Understanding --go-live and HDFS ACLs

When run with a reduce phase, as opposed to as a mapper-only job, the indexer creates an offline index on HDFS in the output directory specified by the --output-dir parameter. If the --go-live parameter is specified, Solr merges the resulting offline index into the live running service. Thus, the Solr service must have read access to the contents of the output directory in order to complete the --go-live step. If --overwrite-output-dir is specified, the indexer deletes and recreates any existing output directory; in an environment with restrictive permissions, such as one with an HDFS umask of 077, the Solr user may not be able to read the contents of the newly created directory. To address this issue, the indexer automatically applies the HDFS ACLs to enable Solr to read the output directory contents. These ACLs are only applied if HDFS ACLs are enabled on the HDFS NameNode. For more information, see HDFS Extended ACLs.

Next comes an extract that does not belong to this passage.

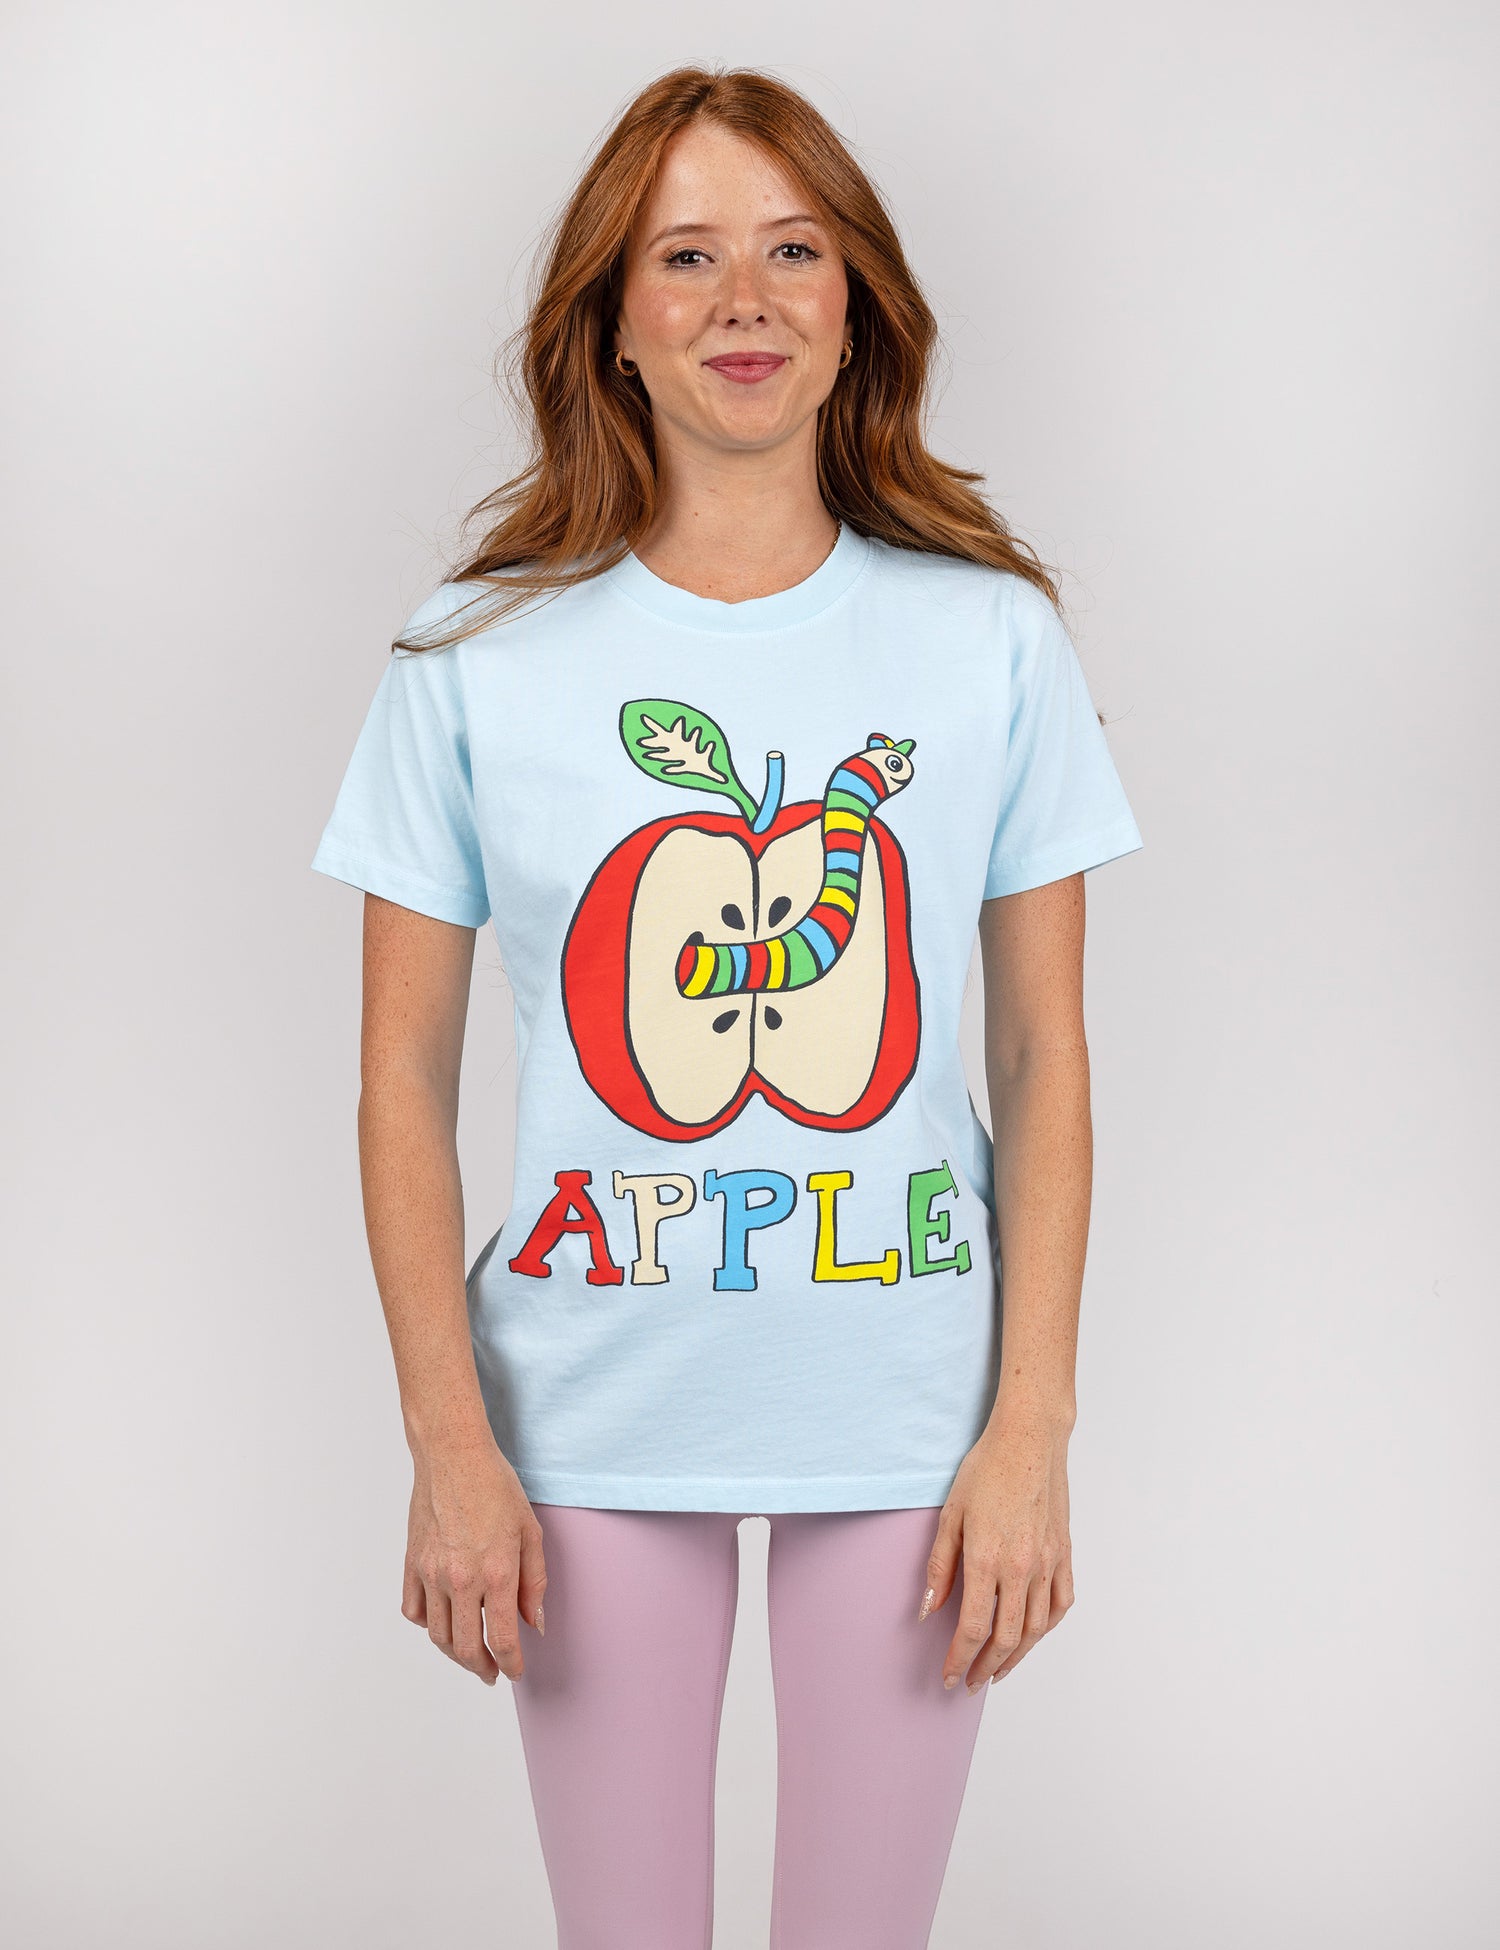 woman wearing light blue shirt with an apple and worm design in the center.

The indexer only makes ACL updates to the output directory and its contents. If the output directory's parent directories do not include the run permission, the Solr service cannot access the output directory. Solr must have run permissions from standard permissions or ACLs on the parent directories of the output directory.